** ABOUT THIS EXERCISE **
Transcribe the listing verbatim, please, with images dropped.

** SUPPLIED DATA **
───
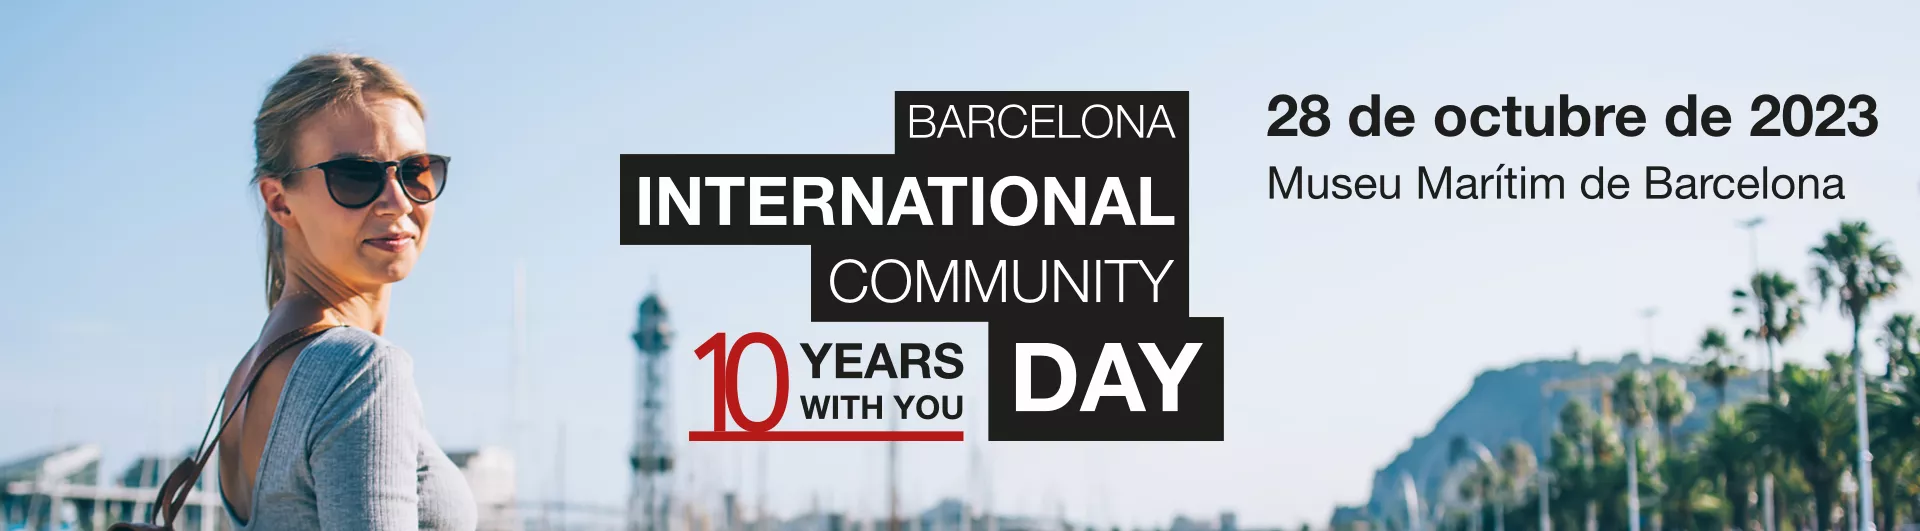 Barcelona International Community Day. 28 de octubre de 2023. Museu Marítim de Barcelona
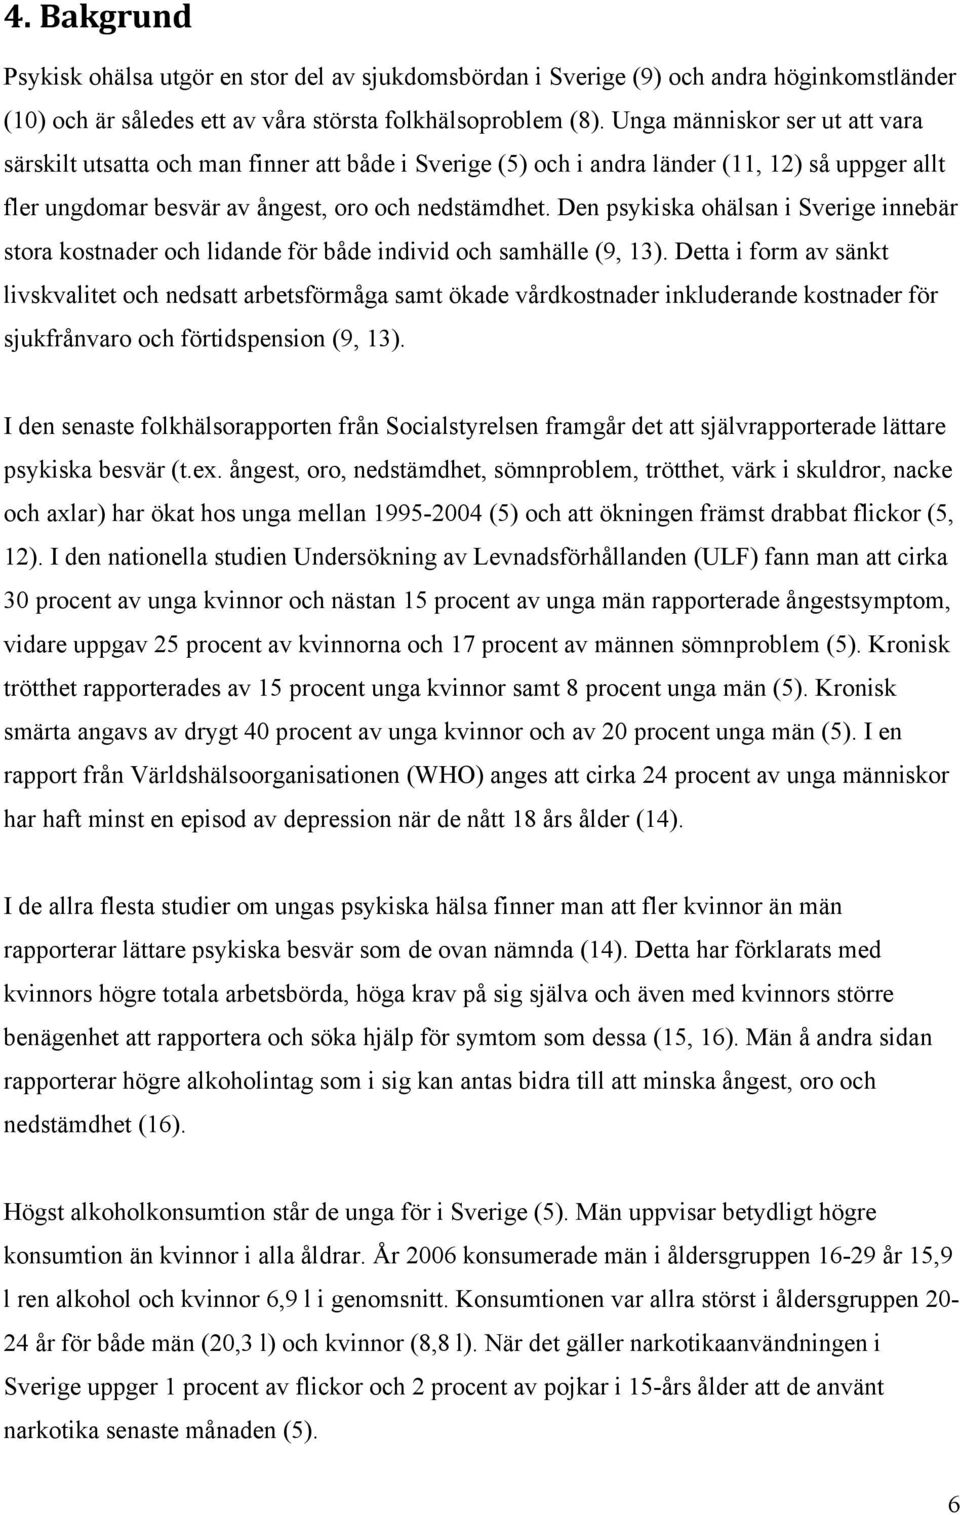 Den psykiska ohälsan i Sverige innebär stora kostnader och lidande för både individ och samhälle (9, 13).
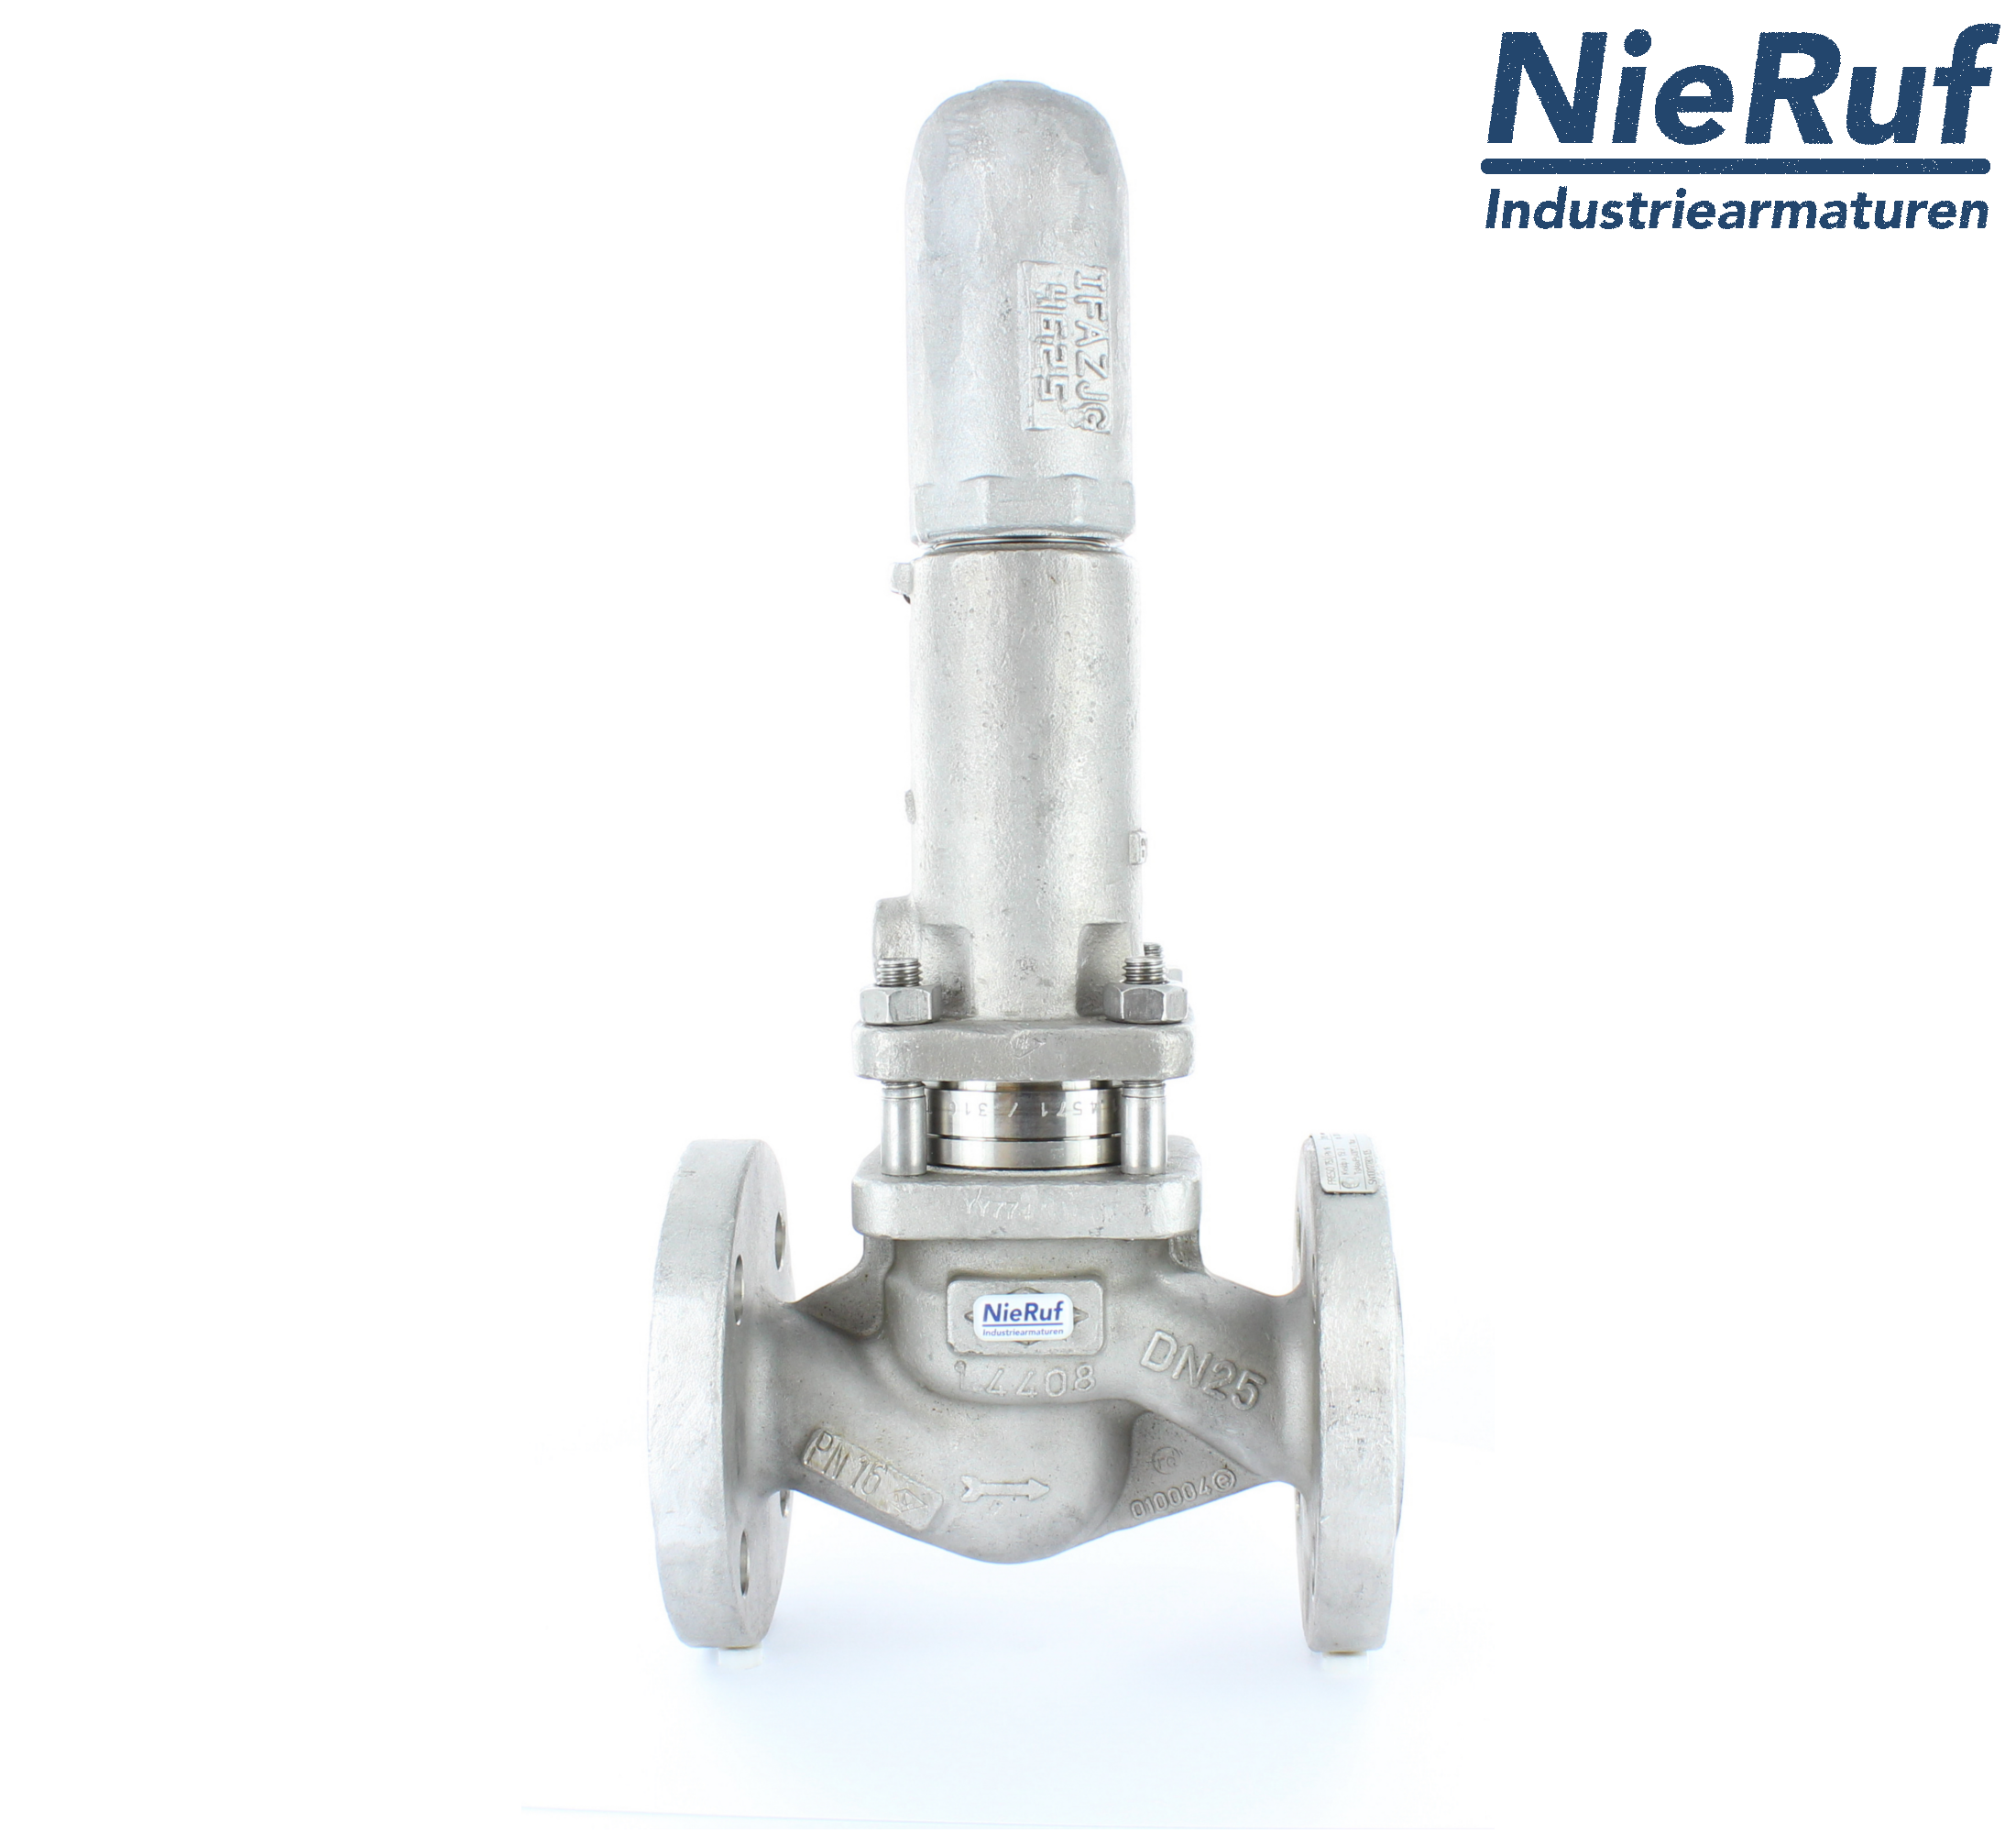 piston overflow valve DN 15 UV13 cast iron 1.0619+N 1,0 - 3,0 bar
───
** THE ANSWER **
 Barcelona International Community Day. 28 de octubre de 2023. Museu Marítim de Barcelona
 Den psykiska ohälsan i Sverige innebär stora kostnader och lidande för både individ och samhälle (9, 13).
 piston overflow valve DN 15 UV13 cast iron 1.0619+N 1,0 - 3,0 bar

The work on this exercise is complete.